What you need to do →
From the first line of the data below, copy each line up to the one containing "1 oz. Pack of", and include that line too.

Recorded data →
* * * * * * *
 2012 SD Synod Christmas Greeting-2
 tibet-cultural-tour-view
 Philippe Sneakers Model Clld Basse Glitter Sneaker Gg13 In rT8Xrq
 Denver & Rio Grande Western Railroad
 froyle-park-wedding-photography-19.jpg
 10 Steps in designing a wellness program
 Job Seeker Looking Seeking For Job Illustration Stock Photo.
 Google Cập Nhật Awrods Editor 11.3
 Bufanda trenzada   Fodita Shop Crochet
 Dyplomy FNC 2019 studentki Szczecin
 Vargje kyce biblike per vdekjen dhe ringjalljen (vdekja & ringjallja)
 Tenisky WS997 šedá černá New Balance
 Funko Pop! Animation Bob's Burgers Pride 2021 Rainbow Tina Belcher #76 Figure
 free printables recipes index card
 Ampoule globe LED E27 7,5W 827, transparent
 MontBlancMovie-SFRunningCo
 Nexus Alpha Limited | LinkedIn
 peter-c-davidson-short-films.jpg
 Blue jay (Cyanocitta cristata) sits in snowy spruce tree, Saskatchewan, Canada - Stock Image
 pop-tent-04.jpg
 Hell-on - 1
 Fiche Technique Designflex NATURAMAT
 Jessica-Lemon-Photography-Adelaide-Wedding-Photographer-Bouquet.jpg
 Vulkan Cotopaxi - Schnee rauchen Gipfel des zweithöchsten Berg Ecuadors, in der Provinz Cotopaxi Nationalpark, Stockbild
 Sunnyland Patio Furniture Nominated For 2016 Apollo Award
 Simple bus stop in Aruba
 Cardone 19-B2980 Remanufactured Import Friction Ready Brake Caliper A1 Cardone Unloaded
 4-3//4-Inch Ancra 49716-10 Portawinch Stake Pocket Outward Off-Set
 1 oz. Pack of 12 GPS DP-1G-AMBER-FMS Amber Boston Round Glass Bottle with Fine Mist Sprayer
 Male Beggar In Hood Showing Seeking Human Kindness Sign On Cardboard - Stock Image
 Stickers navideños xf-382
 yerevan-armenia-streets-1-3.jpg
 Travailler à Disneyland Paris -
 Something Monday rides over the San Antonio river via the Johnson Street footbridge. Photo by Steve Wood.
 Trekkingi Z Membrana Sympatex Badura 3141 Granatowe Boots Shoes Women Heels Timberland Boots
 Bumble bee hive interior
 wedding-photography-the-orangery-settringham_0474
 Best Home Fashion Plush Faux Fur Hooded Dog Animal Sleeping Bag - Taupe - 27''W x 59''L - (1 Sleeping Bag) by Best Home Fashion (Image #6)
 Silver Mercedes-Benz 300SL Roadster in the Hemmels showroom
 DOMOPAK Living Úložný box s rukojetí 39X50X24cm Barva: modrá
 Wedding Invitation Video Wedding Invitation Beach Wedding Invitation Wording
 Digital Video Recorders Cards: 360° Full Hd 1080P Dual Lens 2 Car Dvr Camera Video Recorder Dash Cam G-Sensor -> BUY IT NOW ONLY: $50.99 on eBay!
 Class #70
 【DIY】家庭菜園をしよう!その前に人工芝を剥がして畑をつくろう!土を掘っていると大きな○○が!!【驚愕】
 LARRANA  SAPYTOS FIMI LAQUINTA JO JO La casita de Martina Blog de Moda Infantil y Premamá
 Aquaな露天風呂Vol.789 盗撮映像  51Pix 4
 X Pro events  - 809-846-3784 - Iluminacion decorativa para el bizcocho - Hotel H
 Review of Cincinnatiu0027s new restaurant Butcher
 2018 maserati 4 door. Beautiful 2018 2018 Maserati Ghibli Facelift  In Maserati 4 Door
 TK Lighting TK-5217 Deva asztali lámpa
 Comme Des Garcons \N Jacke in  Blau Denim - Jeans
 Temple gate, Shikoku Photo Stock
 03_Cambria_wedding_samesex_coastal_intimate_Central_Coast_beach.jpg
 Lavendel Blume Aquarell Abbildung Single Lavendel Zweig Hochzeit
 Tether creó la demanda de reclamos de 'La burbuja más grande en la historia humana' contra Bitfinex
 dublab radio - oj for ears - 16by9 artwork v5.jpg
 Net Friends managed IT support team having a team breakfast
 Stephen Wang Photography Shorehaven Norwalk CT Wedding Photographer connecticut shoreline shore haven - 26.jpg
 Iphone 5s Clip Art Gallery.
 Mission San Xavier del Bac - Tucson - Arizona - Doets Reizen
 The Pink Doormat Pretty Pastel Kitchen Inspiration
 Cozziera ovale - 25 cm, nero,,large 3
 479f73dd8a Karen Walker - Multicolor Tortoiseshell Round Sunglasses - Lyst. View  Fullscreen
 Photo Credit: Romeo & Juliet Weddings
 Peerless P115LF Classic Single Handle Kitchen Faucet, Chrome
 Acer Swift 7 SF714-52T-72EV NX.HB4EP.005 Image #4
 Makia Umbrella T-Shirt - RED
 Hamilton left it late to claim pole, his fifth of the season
* * * * * * *
Answer to this problem →
 2012 SD Synod Christmas Greeting-2
 tibet-cultural-tour-view
 Philippe Sneakers Model Clld Basse Glitter Sneaker Gg13 In rT8Xrq
 Denver & Rio Grande Western Railroad
 froyle-park-wedding-photography-19.jpg
 10 Steps in designing a wellness program
 Job Seeker Looking Seeking For Job Illustration Stock Photo.
 Google Cập Nhật Awrods Editor 11.3
 Bufanda trenzada   Fodita Shop Crochet
 Dyplomy FNC 2019 studentki Szczecin
 Vargje kyce biblike per vdekjen dhe ringjalljen (vdekja & ringjallja)
 Tenisky WS997 šedá černá New Balance
 Funko Pop! Animation Bob's Burgers Pride 2021 Rainbow Tina Belcher #76 Figure
 free printables recipes index card
 Ampoule globe LED E27 7,5W 827, transparent
 MontBlancMovie-SFRunningCo
 Nexus Alpha Limited | LinkedIn
 peter-c-davidson-short-films.jpg
 Blue jay (Cyanocitta cristata) sits in snowy spruce tree, Saskatchewan, Canada - Stock Image
 pop-tent-04.jpg
 Hell-on - 1
 Fiche Technique Designflex NATURAMAT
 Jessica-Lemon-Photography-Adelaide-Wedding-Photographer-Bouquet.jpg
 Vulkan Cotopaxi - Schnee rauchen Gipfel des zweithöchsten Berg Ecuadors, in der Provinz Cotopaxi Nationalpark, Stockbild
 Sunnyland Patio Furniture Nominated For 2016 Apollo Award
 Simple bus stop in Aruba
 Cardone 19-B2980 Remanufactured Import Friction Ready Brake Caliper A1 Cardone Unloaded
 4-3//4-Inch Ancra 49716-10 Portawinch Stake Pocket Outward Off-Set
 1 oz. Pack of 12 GPS DP-1G-AMBER-FMS Amber Boston Round Glass Bottle with Fine Mist Sprayer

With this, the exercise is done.